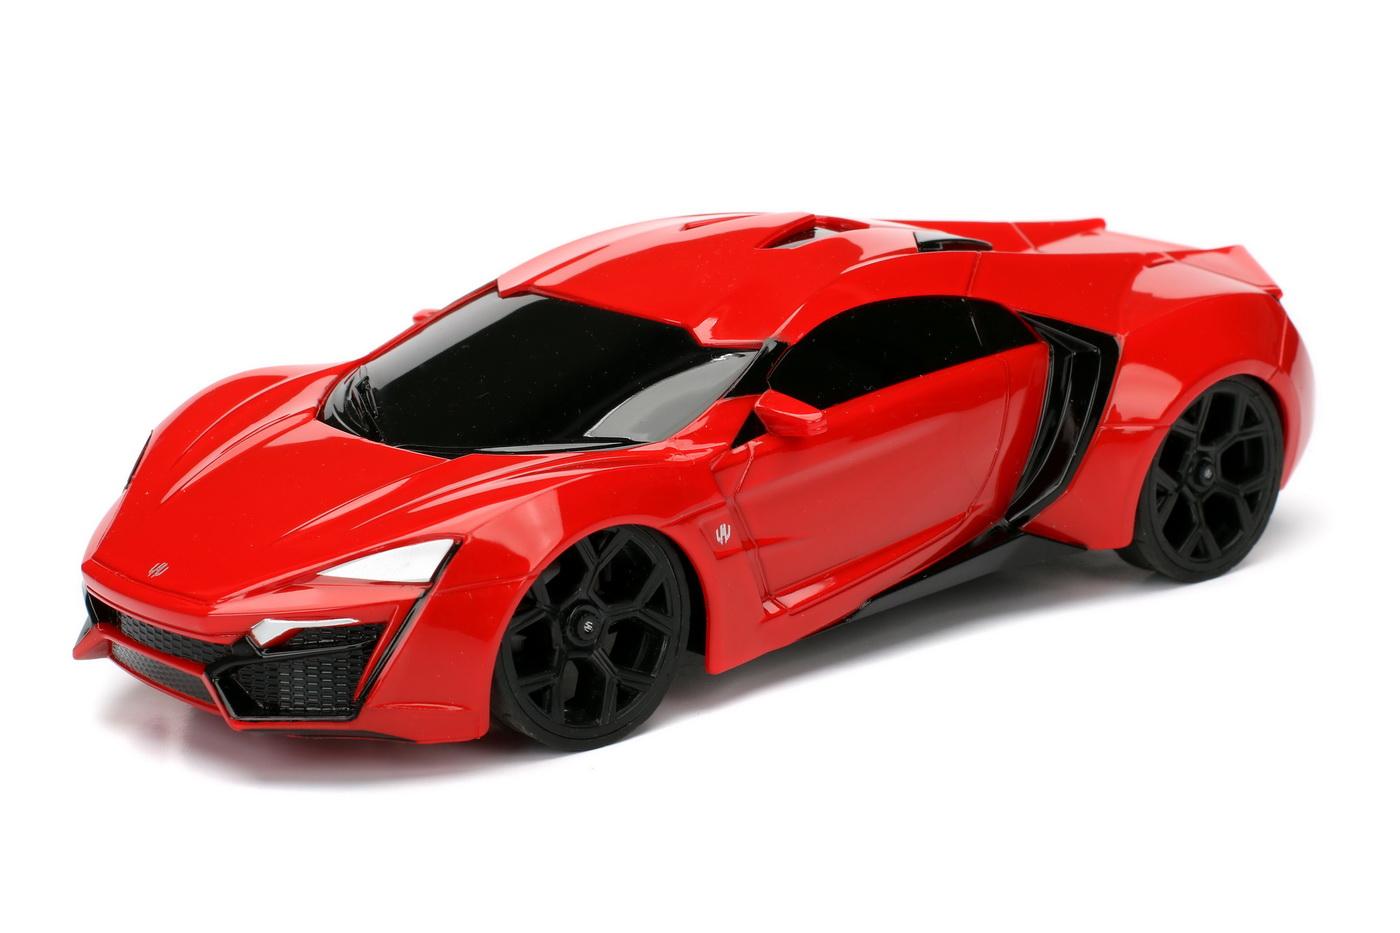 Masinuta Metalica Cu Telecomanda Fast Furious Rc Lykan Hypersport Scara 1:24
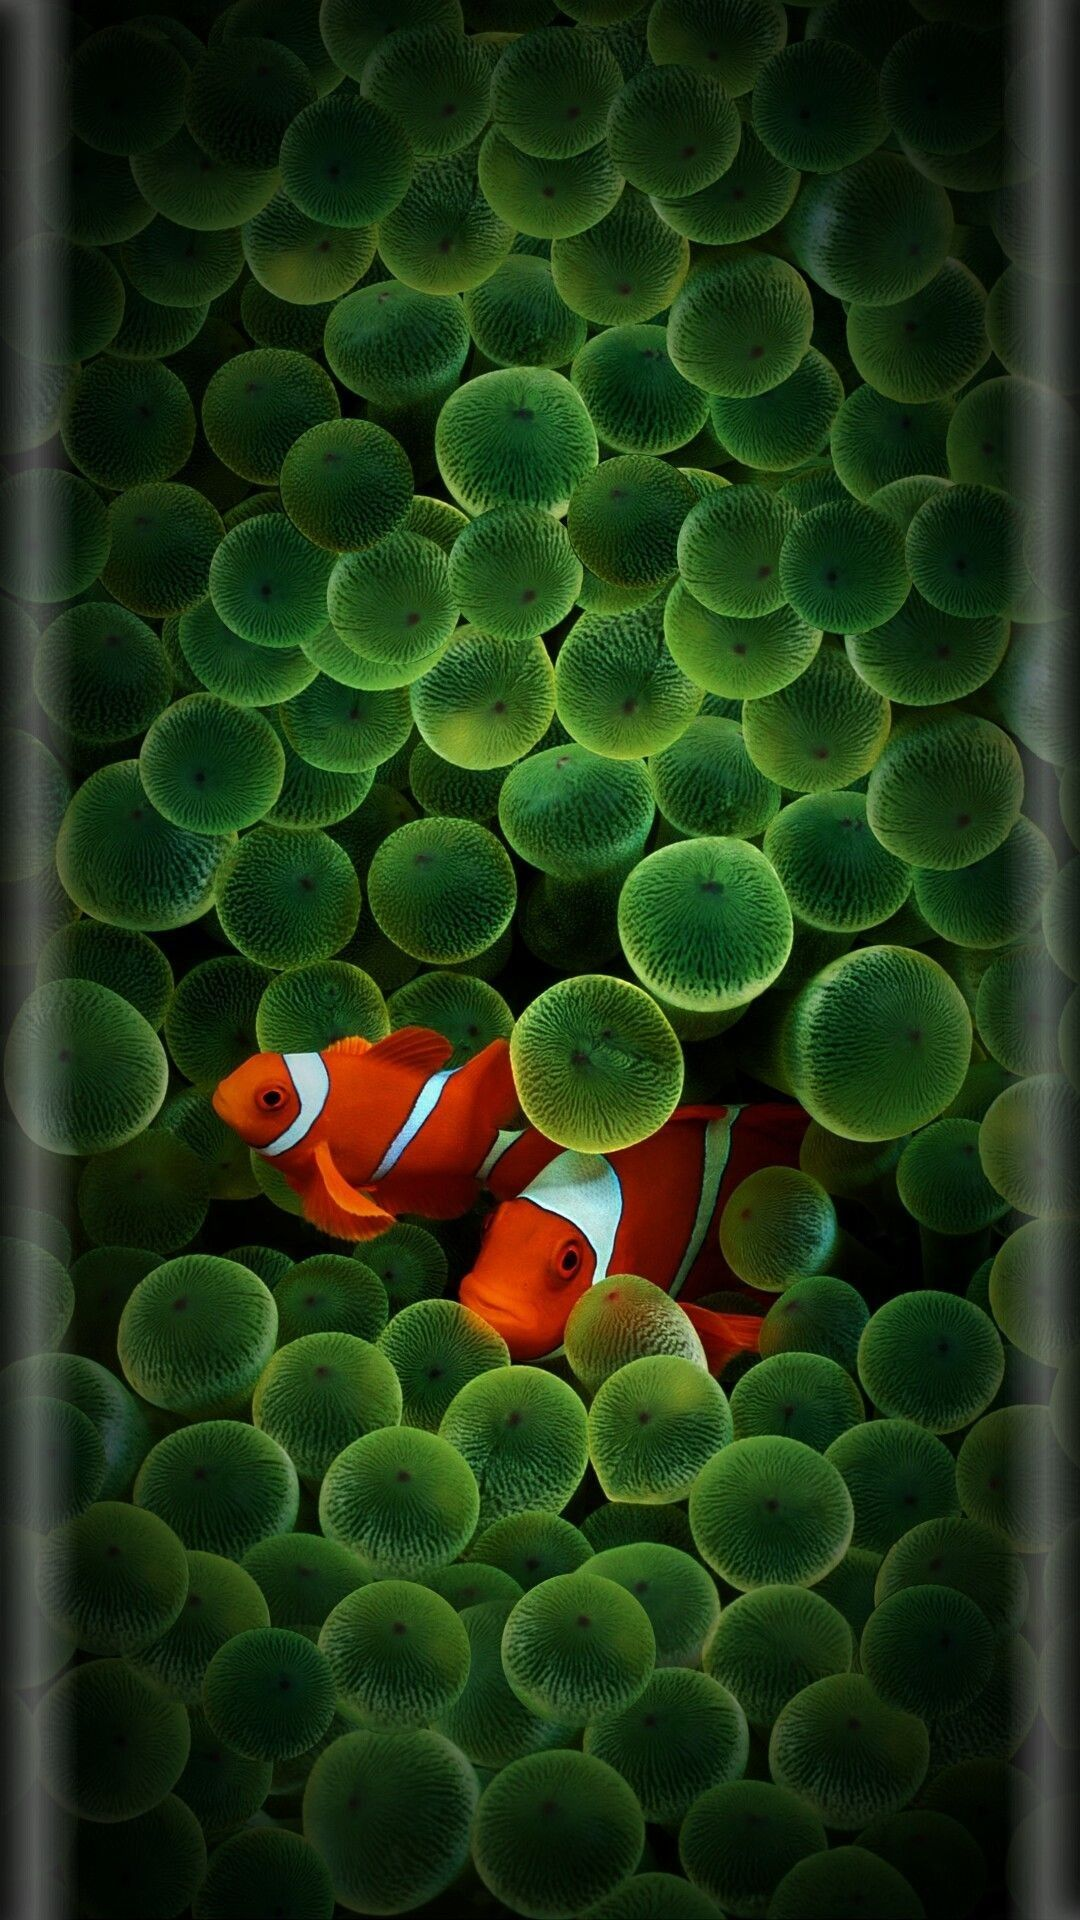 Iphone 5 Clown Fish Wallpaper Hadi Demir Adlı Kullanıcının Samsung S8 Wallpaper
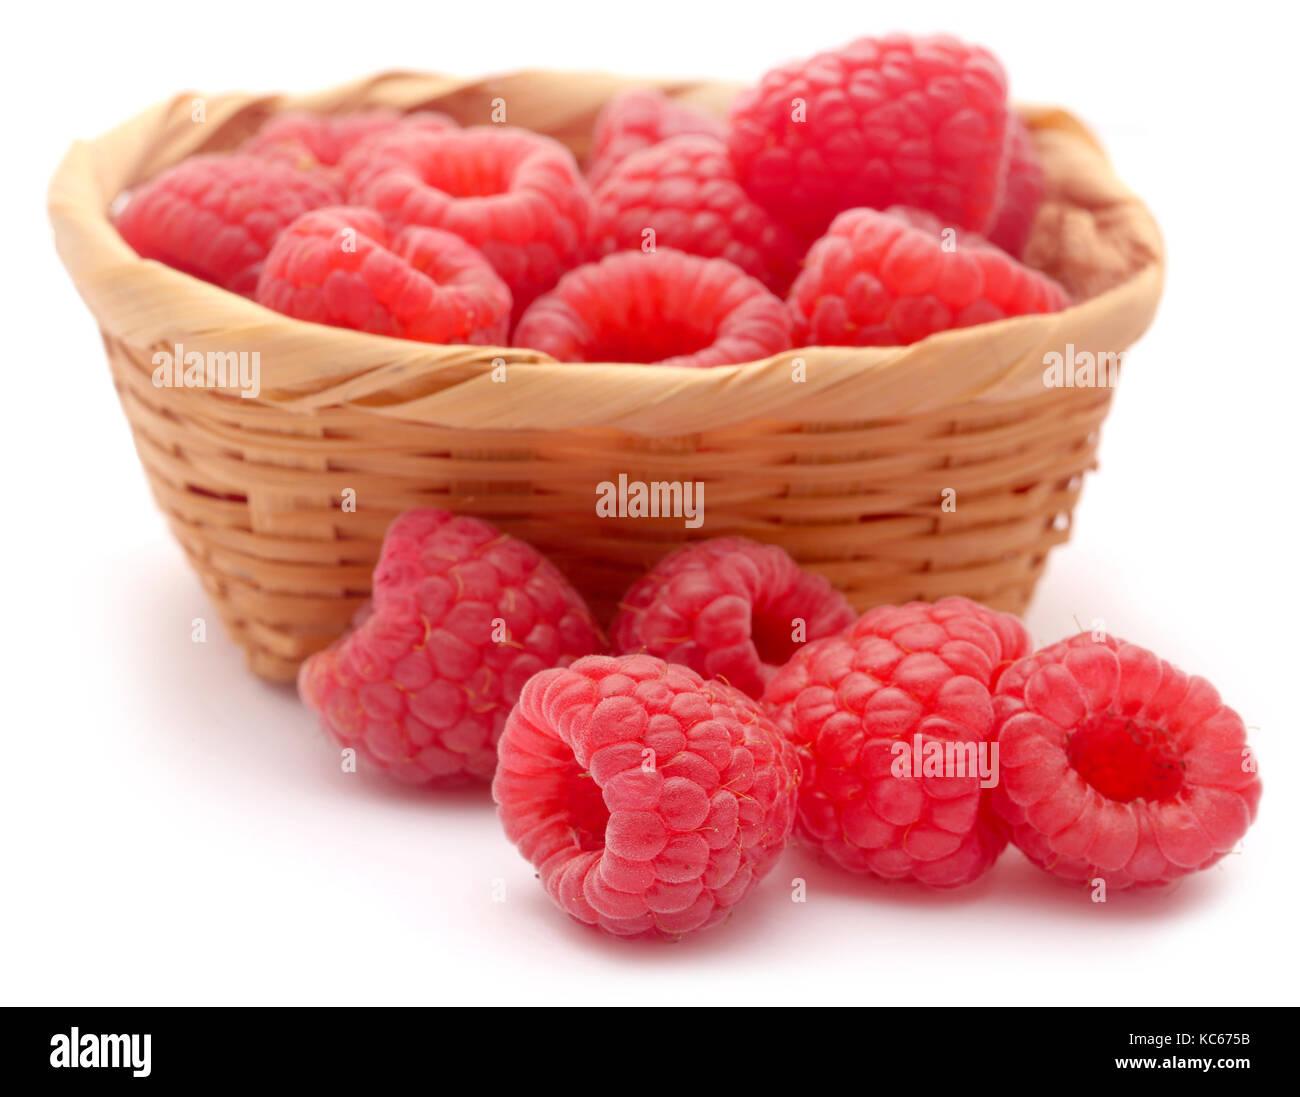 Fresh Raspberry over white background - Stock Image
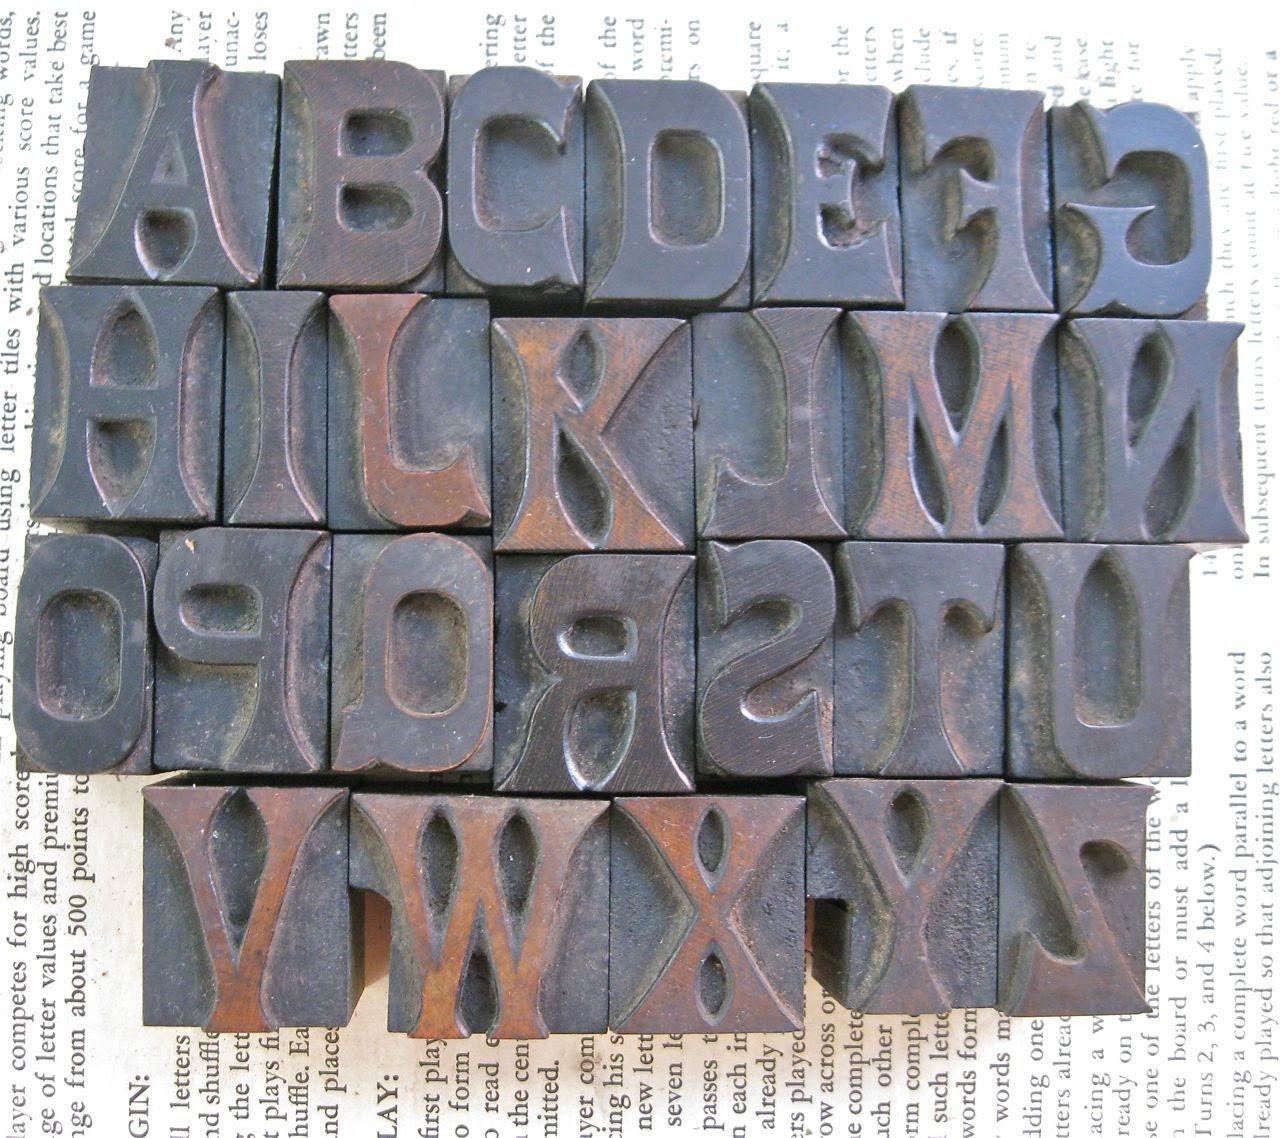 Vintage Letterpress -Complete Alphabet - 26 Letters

• **WHAT TO DO**:
What is needed is an exact repetition of every line from the line with "Fresh Raspberry over" to the end of the data above, both ends included, with no pictures.

• **REPLY TO THE TASK**:
 Fresh Raspberry over white background - Stock Image
 Vintage Letterpress -Complete Alphabet - 26 Letters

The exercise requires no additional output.